Have been looking at the Habistat digital dimming day/night thermostat to control temp. In the description i see that i has points to plug in 2 different heaters, fans etc. 
Can anyone tell me if this means i can use the above mentioned thermostat to control basking lamp for daytime temp and then it switches over to the ceramic heat lamp when its night. 

Any help appreciated

Thanks


----------



## Arcadiajohn (Jan 30, 2011)

As far as I know it is one heater and one device.

so on mine I have the heater and lighting.


----------



## Butchvw (Mar 30, 2017)

Thanks for that info. After much searching I actually just found the instructions for one online and i see that it it for 1 heater and the other port is for lights like you said.

Do you have any experience with the microclimate stats? Any good? 

And also, if i have a dimming stat working my basking lamp at the hot end, would the temp probe need to be in the cool end to save the basking lamp heating this cool side up too much? 
Or would you recommend having a basking lamp stat probe at the actual basking spot area and then a pulsed day/night stat with the temp probe in the cool end controlling the ceramic lamp

I now plan to have a dimming stat as a safety feature for my basking lamp and a seperate pulse stat working the ceramic heat bulb at night when my room drops in temperature.

Sorry for all the questions or if i sound like a dumbass. Being a newbie i just want to make sure i get it right. I've Read so much conflicting information from so many different sources its now melting my brain and this seems to be a great forum for good advice.

Thanks Arcadiajohn!


----------



## dcap (Sep 3, 2011)

Not sure exactly which model you are looking at - can you add the link to the exact item on the blue lizard reptiles website?

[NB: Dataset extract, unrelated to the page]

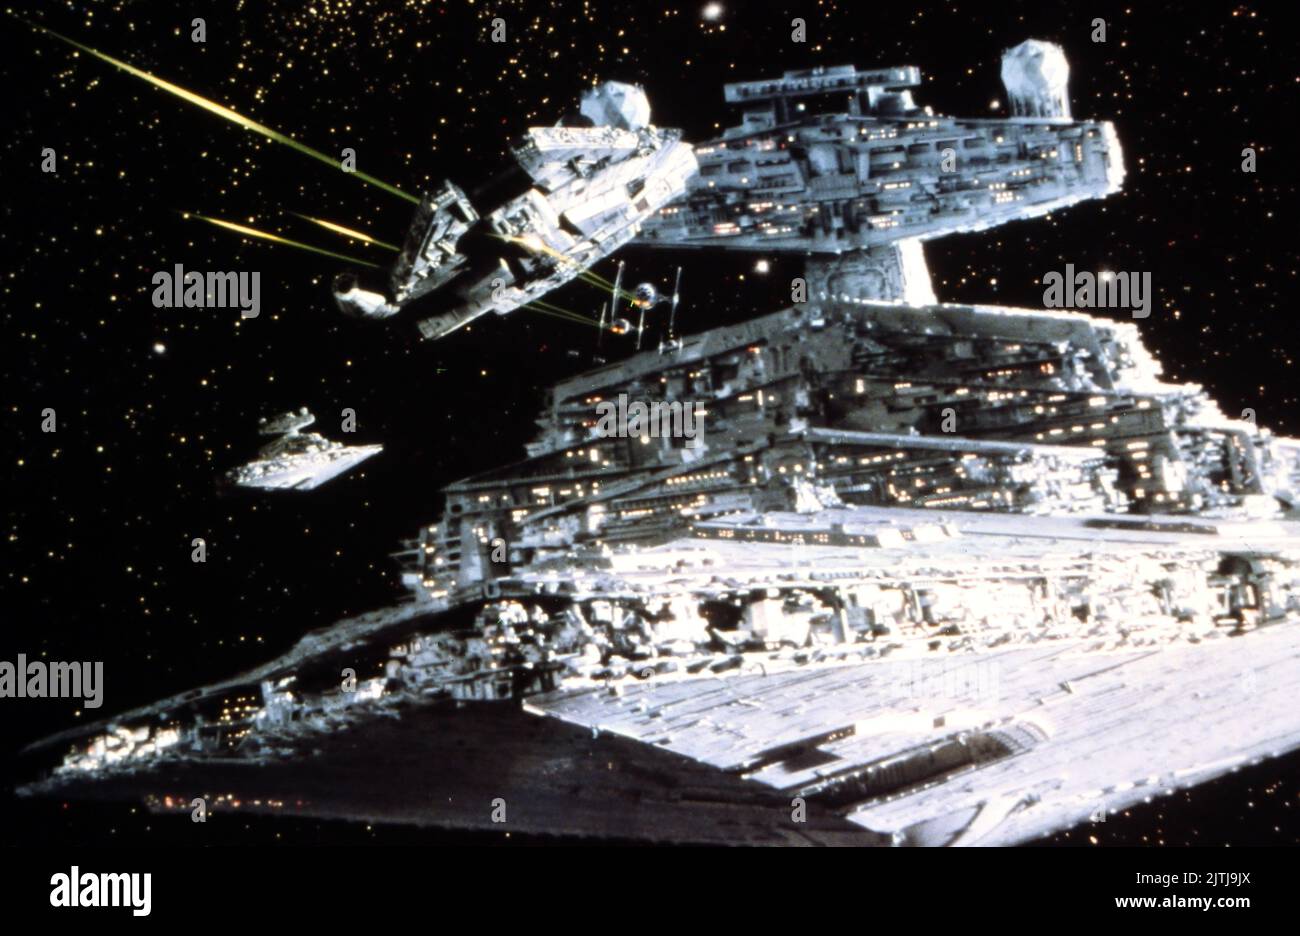 Star Wars, aka Krieg der Sterne, USA 1977, Regie: George Lucas, Szenenfoto im Weltraum Foto Stock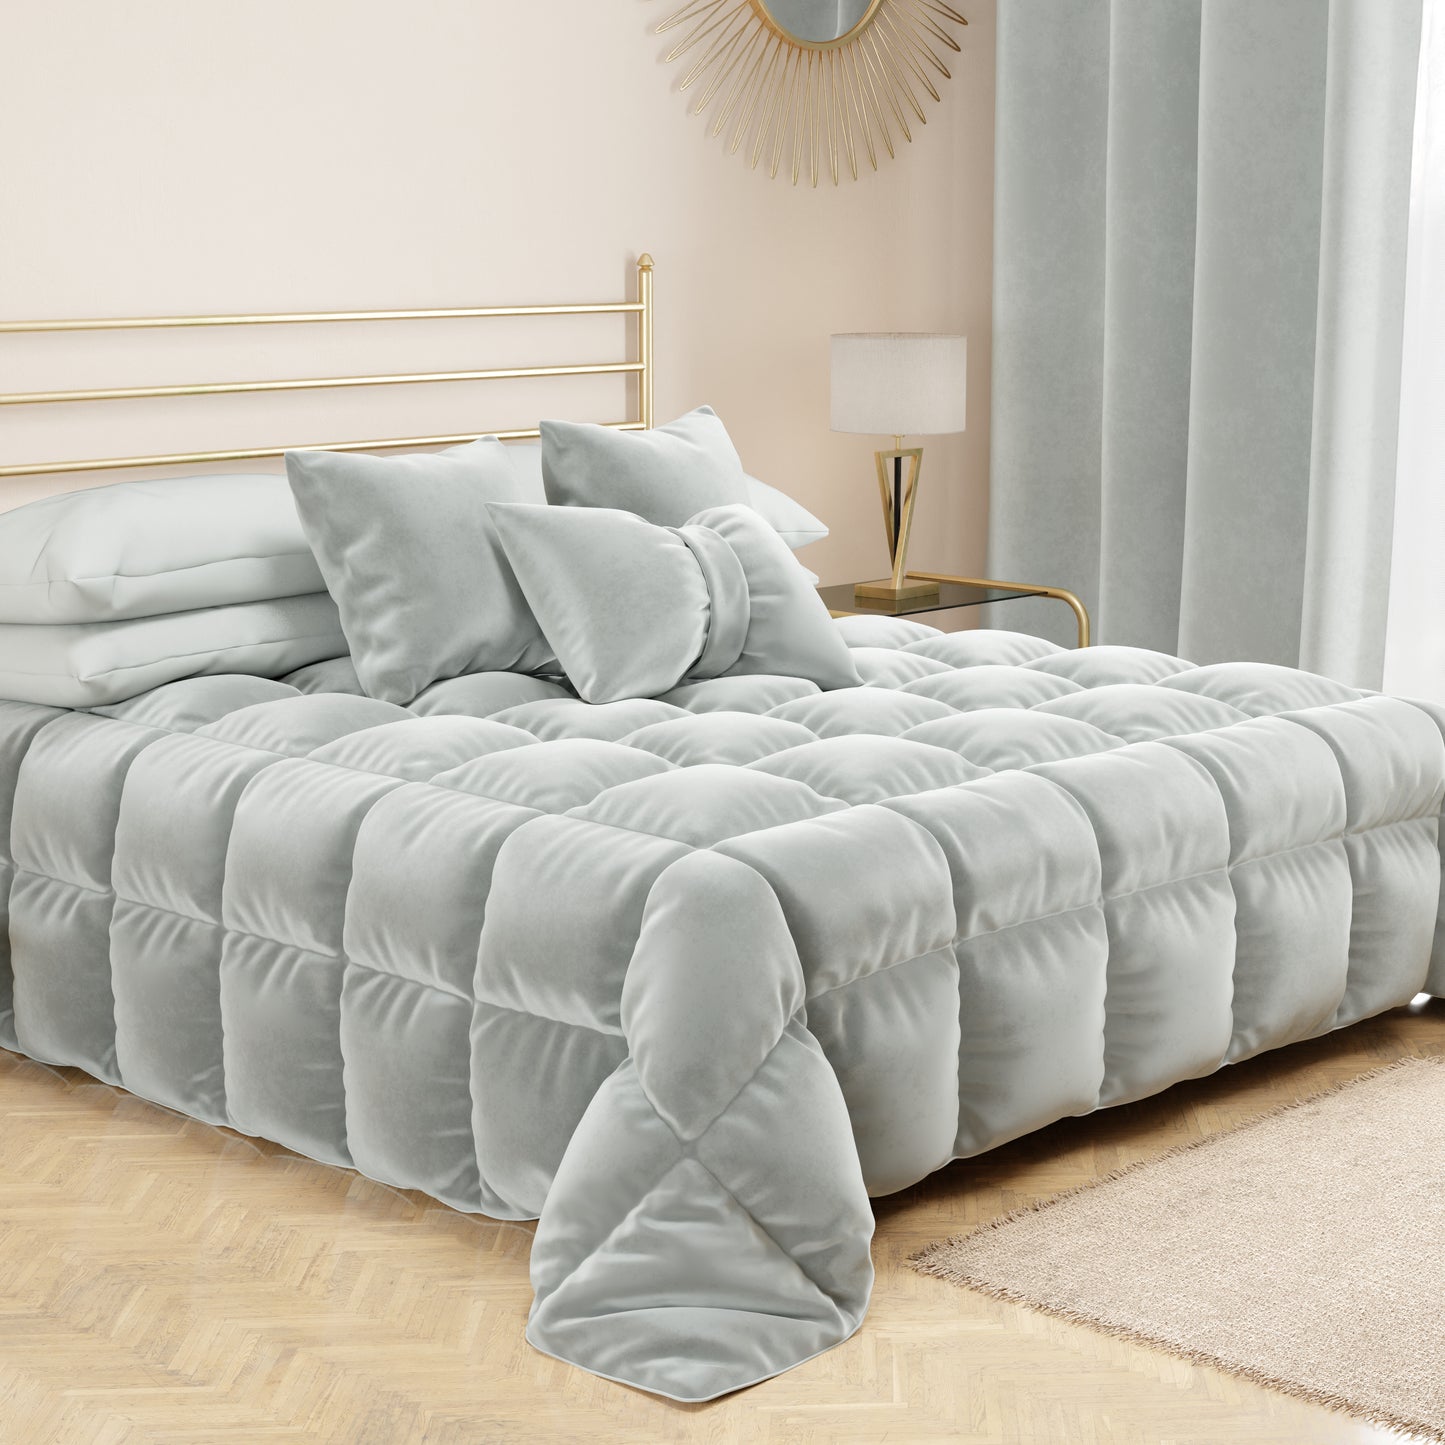 Sofa Cushions, Furnishing Cushions in Light Gray Bow Velvet 1pc

I've seen the dual models - they have two thermostat settings, two probes and two sockets to plug in two heaters ... so they can be used for either two vivs or for a hot and cool end of one viv. This is essentially two thermostats in one unit. I've not seen timers on these?

The day/night ones use a photo cell (light sensor) on the stat to see if it is day or night and you make a setting for your day and night temps. I think you have an adjustment screw for the light sensor. But I've found the light sensor is quite difficult to convince if it is day/night with simple room lighting

I've not seen a model that offered both day/night and dual heating/probes.

It might be simpler to just get two stats and two timer plug/sockets.


----------



## Butchvw (Mar 30, 2017)

https://www.bluelizardreptiles.co.uk/reptileheating/thermostats/608641996852

This is the one i am now considering for controlling the basking lamp.

https://www.bluelizardreptiles.co.uk/reptileheating/thermostats/608641996890

And this one for controlling ambient temp via a ceramic heat lamp. 

My main issue is that the room temp drops quite a bit at night and because i dont want any light in the viv at night but still want to keep the temp above 16° there will have to be a ceramic lamp also

My reasoning behind wanting a day/night stat is that im not sure if the basking lamp will be enough to heat the whole viv to a decent enough temp when its on during the day. Seems easy enough to get the basking spot temp correct by adjusting the height of the bulb . Thats why i was thinking of having the ceramic heat bulb hooked up to the day/night stat, so it can heat to a set temperature for the cool end during daytime and automatically adjust for the lower heat required at night. 

The 2 stats linked above should do the job i think now i realise the habistat digital dimmer isn't what's required

Please correct me if wrong

Thanks for the reply


----------